Work instructions —
All lines from the one that contains "Switch 24P POE" to the end of the data must be retyped exactly. Pictures are not retyped.

Data provided —
━━━━━━

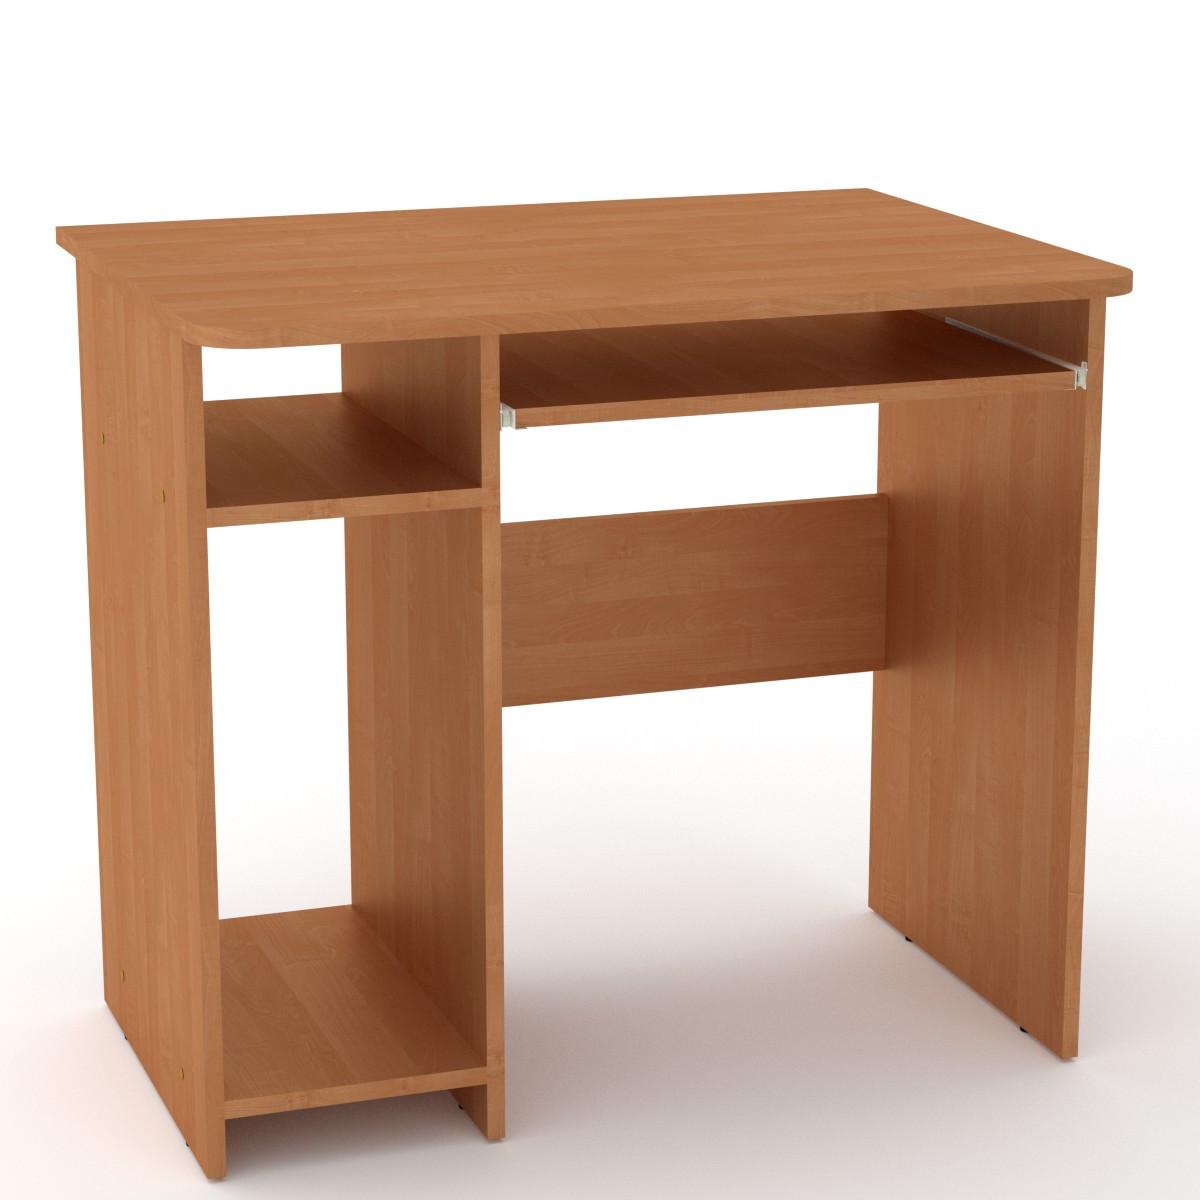 Стол компьютерный СКМ-12 ольха Компанит (82х60х74 см)
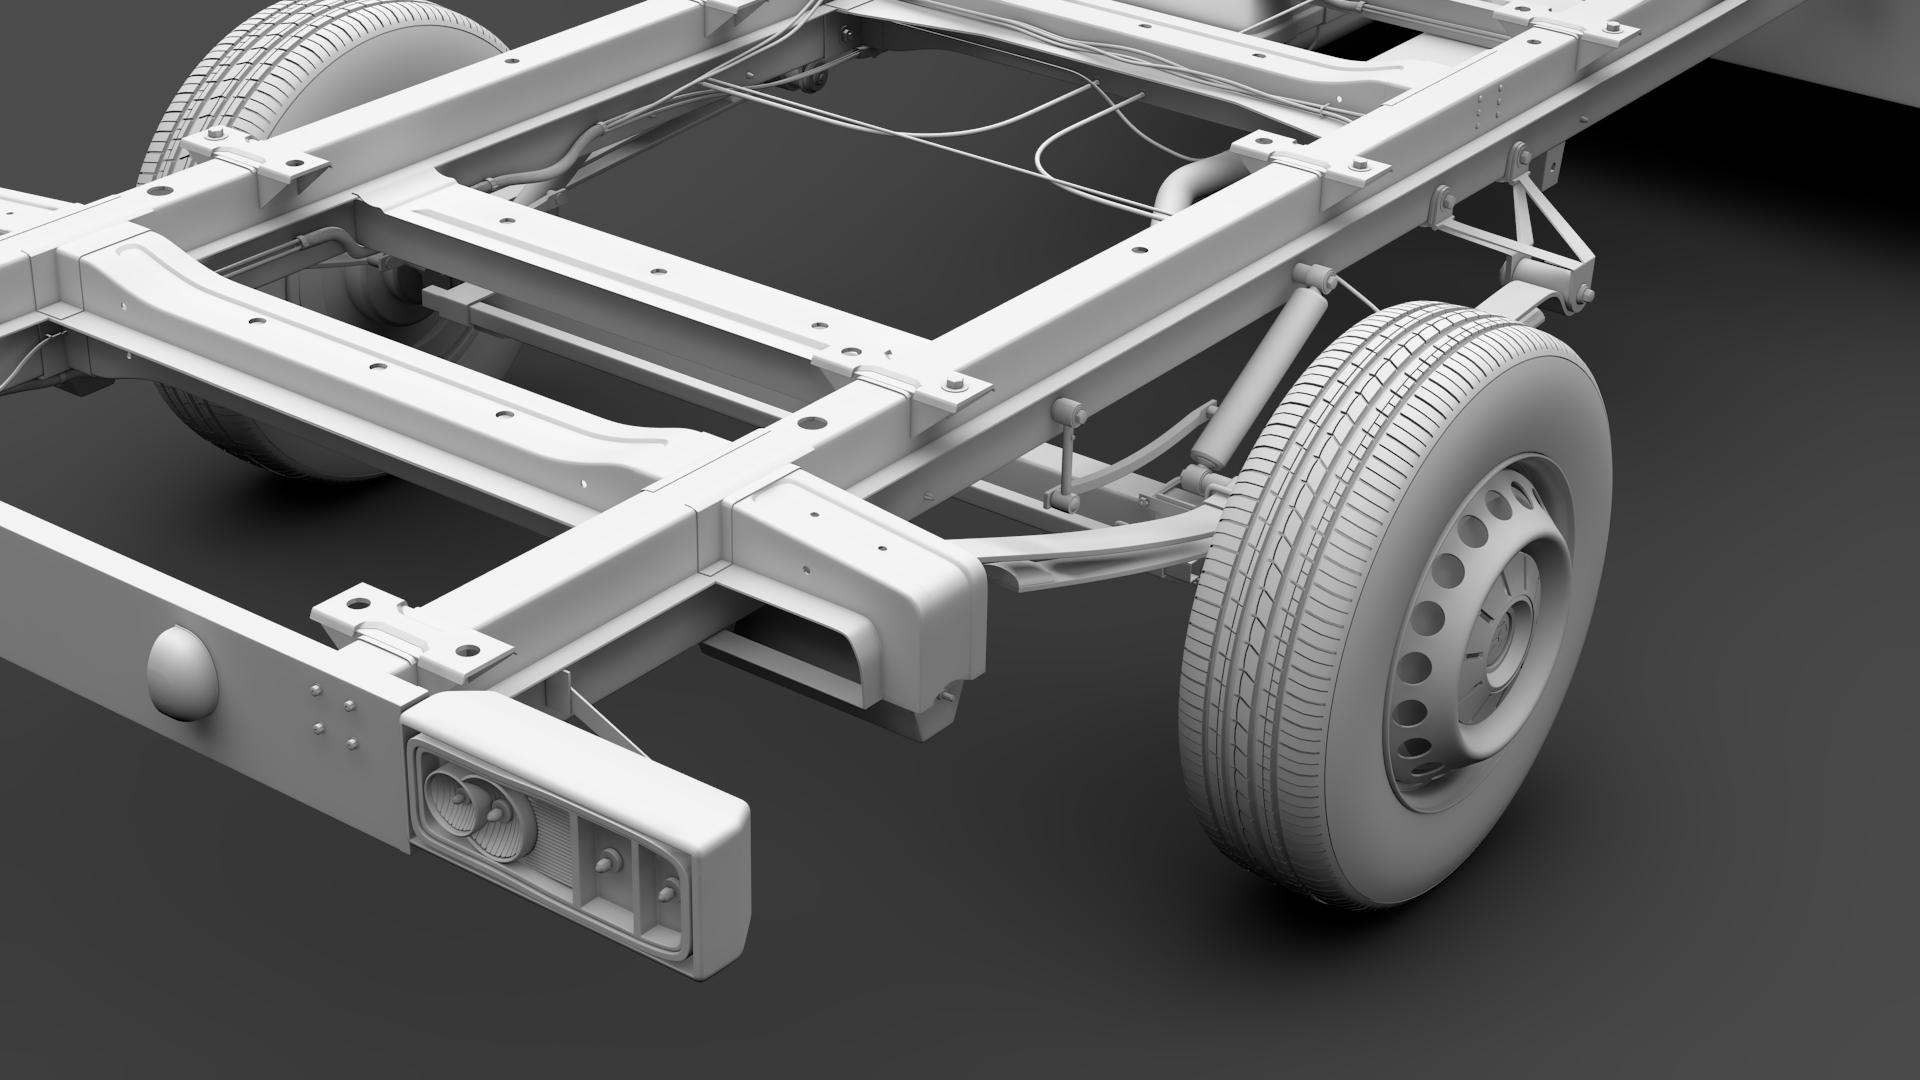 wv crafter chassis single-cab 2017 3d model max fbx c4d lwo ma mb hrc xsi obj 275102
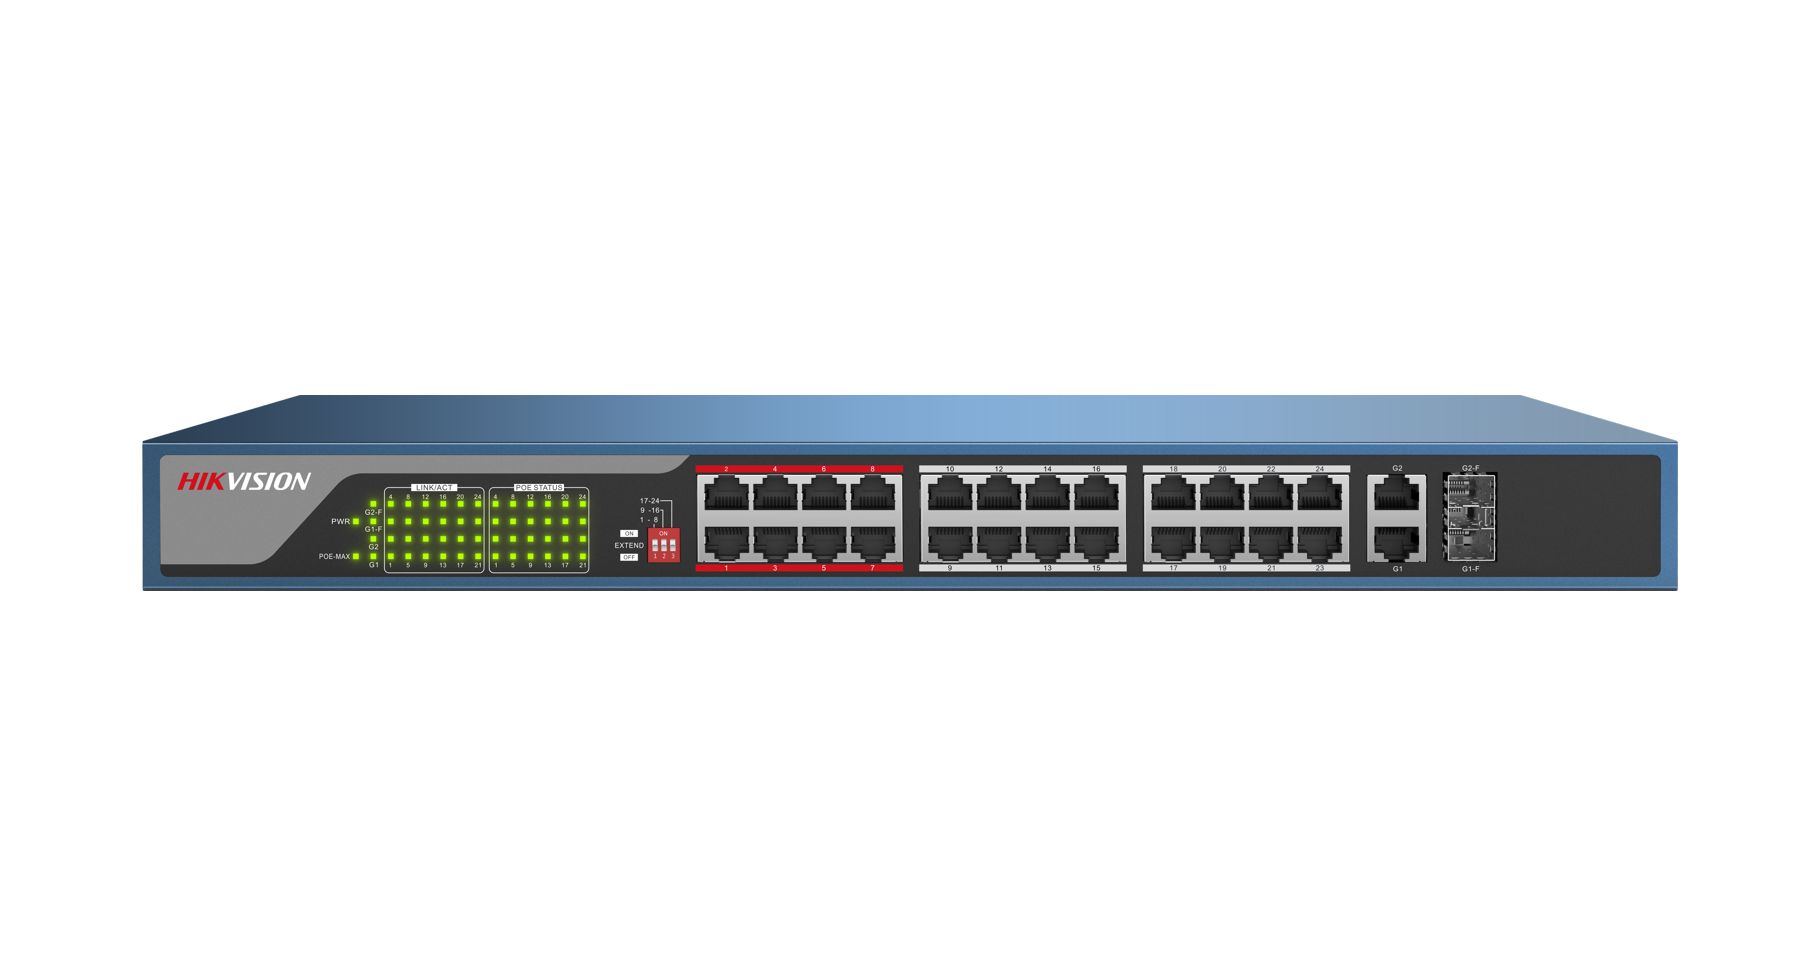 Switch 24P POE 10/100MBPS 30W DS-3E0326P-E Hikvision
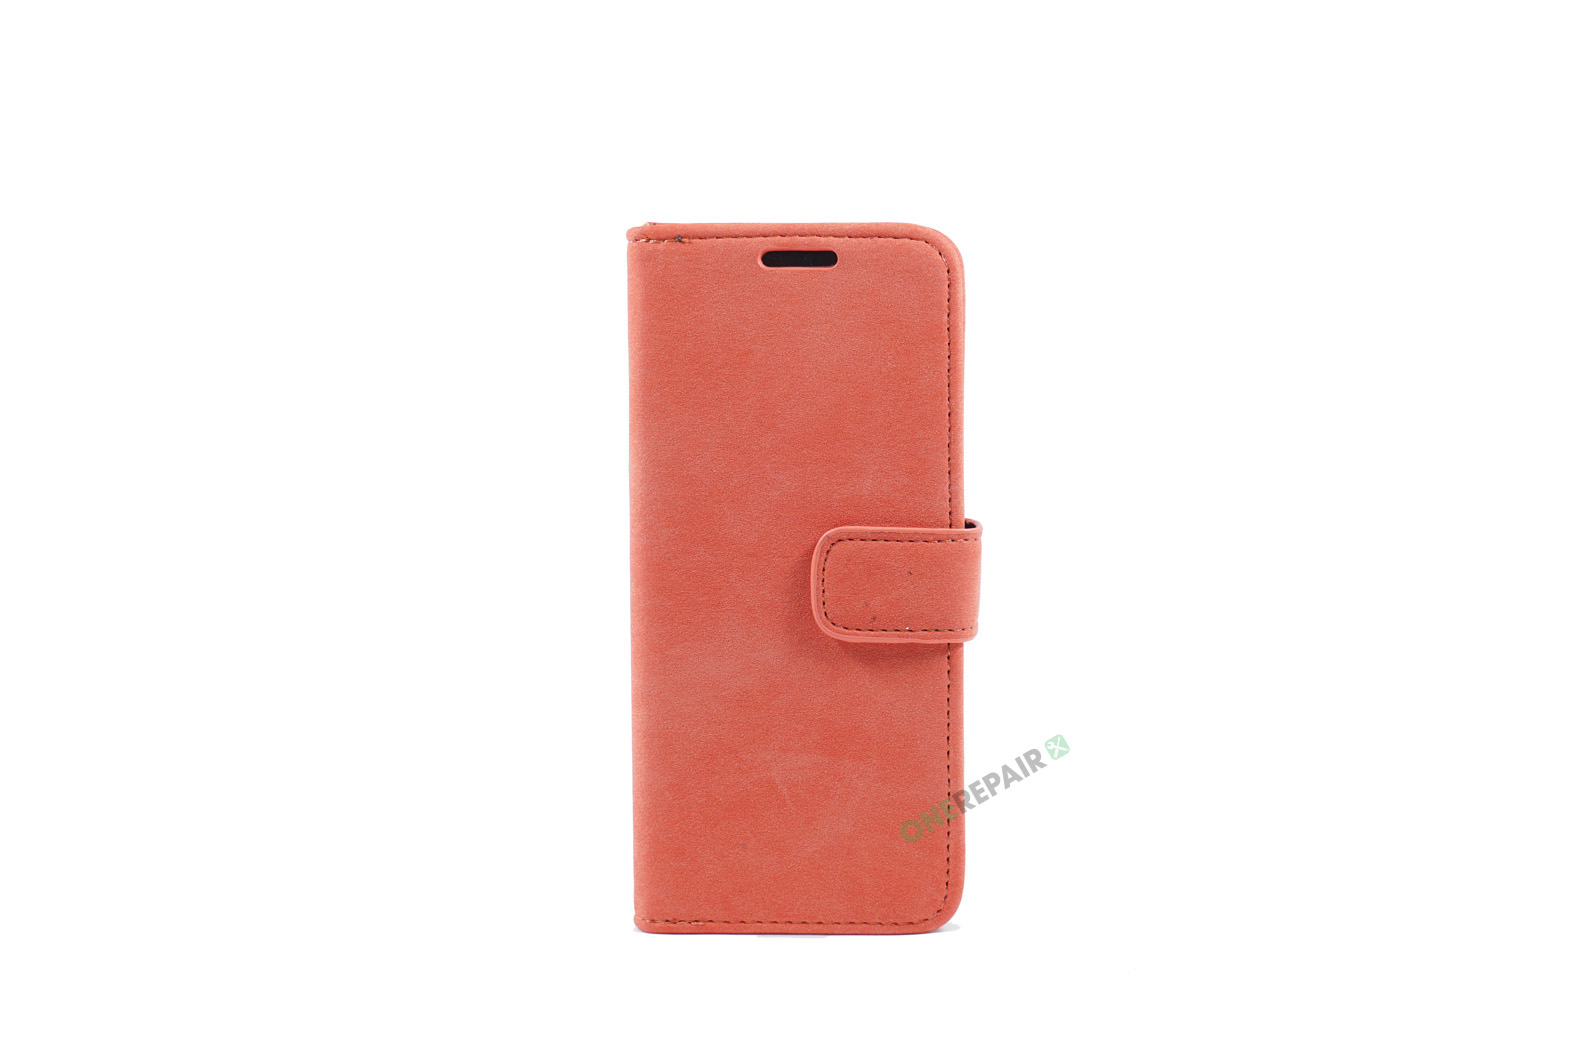 350725_Samsung_S8_Flipcover_Rustik_Cover_Roed_Pastel_OneRepair_WM_00001

━━━━━━

Expected answer —
 Switch 24P POE 10/100MBPS 30W DS-3E0326P-E Hikvision
 350725_Samsung_S8_Flipcover_Rustik_Cover_Roed_Pastel_OneRepair_WM_00001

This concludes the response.